Ckmeans.1d.dp (version 4.3.0)

Ckmeans.1d.dp-package: Optimal, Fast, and Reproducible Univariate Clustering

Description

This package provides fast optimal univariate clustering by dynamic programming. Four types of problem including univariate \(k\)-means, \(k\)-median, \(k\)-segments, and multi-channel weighted \(k\)-means are solved with guaranteed optimality and reproducibility. The core algorithm minimizes the (weighted) sum of within-cluster distances using respective metrics. Its advantage over heuristic clustering in efficiency and accuracy is increasingly pronounced as the number of clusters \(k\) increases. Weighted \(k\)-means can also optimally segment time series to perform peak calling. An auxiliary function generates histograms that are adaptive to patterns in data. This package provides a powerful set of tools for univariate data analysis with guaranteed optimality, efficiency, and reproducibility.

The Ckmeans.1d.dp algorithm clusters (weighted) univariate data given by a numeric vector \(x\) into \(k\) groups by dynamic programming Wang2011CkmeansCkmeans.1d.dp. It guarantees the optimality of clustering---the total of within-cluster sums of squares is always the minimum given the number of clusters \(k\). In contrast, heuristic univariate clustering algorithms may be non-optimal or inconsistent from run to run. As unequal non-negative weights are supported for each point, the algorithm can also segment a time course using the time points as input and the values at each time point as weight. Utilizing the optimal clusters, a function can generate histograms adaptive to patterns in data. This method is numerically stable.

Apart from the time for sorting \(x\), the weighted univariate clustering algorithm takes a runtime of \(O(kn)\), linear in both sample size \(n\) and the number of clusters \(k\). The new approach was first introduced into version 3.4.9 (not publicly released) on July 16, 2016, using a new divide-and-conquer strategy integrating a previous theoretical result on matrix search aggarwal1987geometricCkmeans.1d.dp and a novel in-place search space reduction method. Earlier versions since 3.4.6 used a divide-and-conquer strategy in dynamic programming to reduce the runtime from \(O(kn^2)\) down to \(O(kn\lg n)\).
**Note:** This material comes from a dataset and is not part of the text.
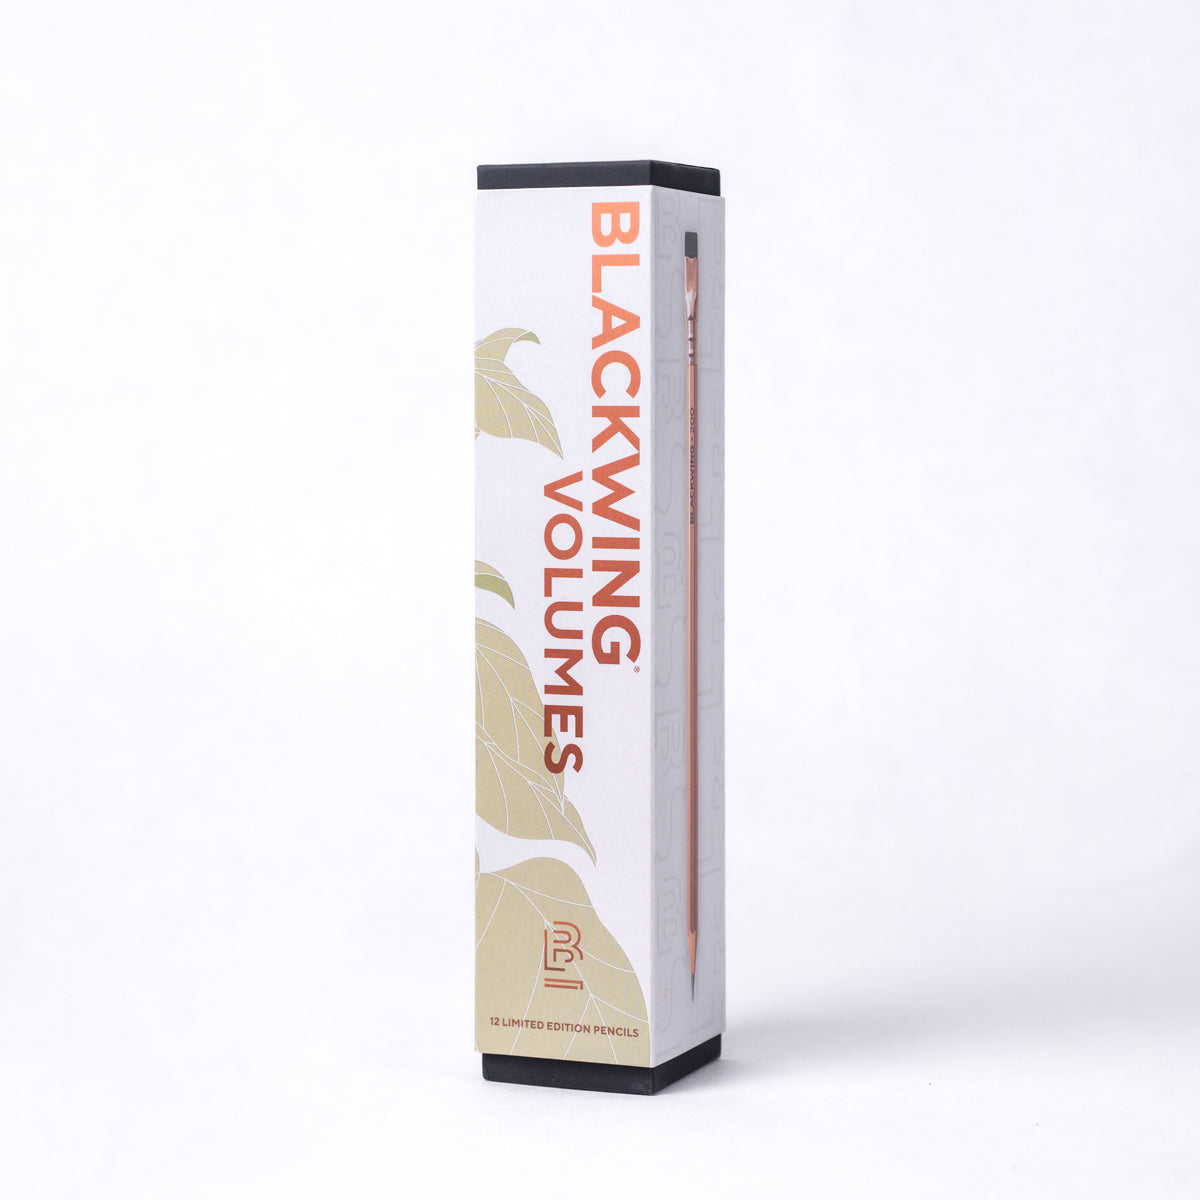 Blackwing Volume 200 - The Coffeehouse

Bellman1973;textualCkmeans.1d.dp first described a general dynamic programming strategy for solving univariate clustering problems with additive optimality measures. The strategy, however, did not address any specific characteristics of the \(k\)-means problem and its implied general algorithm will have a time complexity of \(O(kn^3)\) on an input of \(n\) points.

The space complexity in all cases is \(O(kn)\).

This package provides a powerful alternative to heuristic clustering and also new functionality for weighted clustering, segmentation, and peak calling with guaranteed optimality. It is practical for Ckmeans.1d.dp to cluster millions of sample points with optional weights in seconds using a single processor on a not very recent desktop computer.

Third parties have ported various versions of this package to JavaScript, MATLAB, Python, Ruby, SAS, and Scala.

Arguments

Disclaimer

This program is free software: you can redistribute it and/or modify it under the terms of the GNU Lesser General Public License as published by the Free Software Foundation, either version 3 of the License, or (at your option) any later version.

This program is distributed in the hope that it will be useful, but WITHOUT ANY WARRANTY; without even the implied warranty of MERCHANTABILITY or FITNESS FOR A PARTICULAR PURPOSE. See the GNU Lesser General Public License for more details.

You should have received a copy of the GNU General Public License along with this program. If not, see https://www.gnu.org/licenses/.

Details

Package: Ckmeans.1d.dp
Type: Package
Version: 4.3.0
Initial release version: 1.0
Initial release date: 2010-10-26

The most important function of this package is Ckmeans.1d.dp that implements optimal univariate clustering either weighted or unweighted. It also contains an adaptive histogram function ahist, plotting functions plot.Ckmeans.1d.dp and plotBIC, and a print function print.Ckmeans.1d.dp.

References

See Also

The kmeans function in package stats that implements several heuristic \(k\)-means algorithms.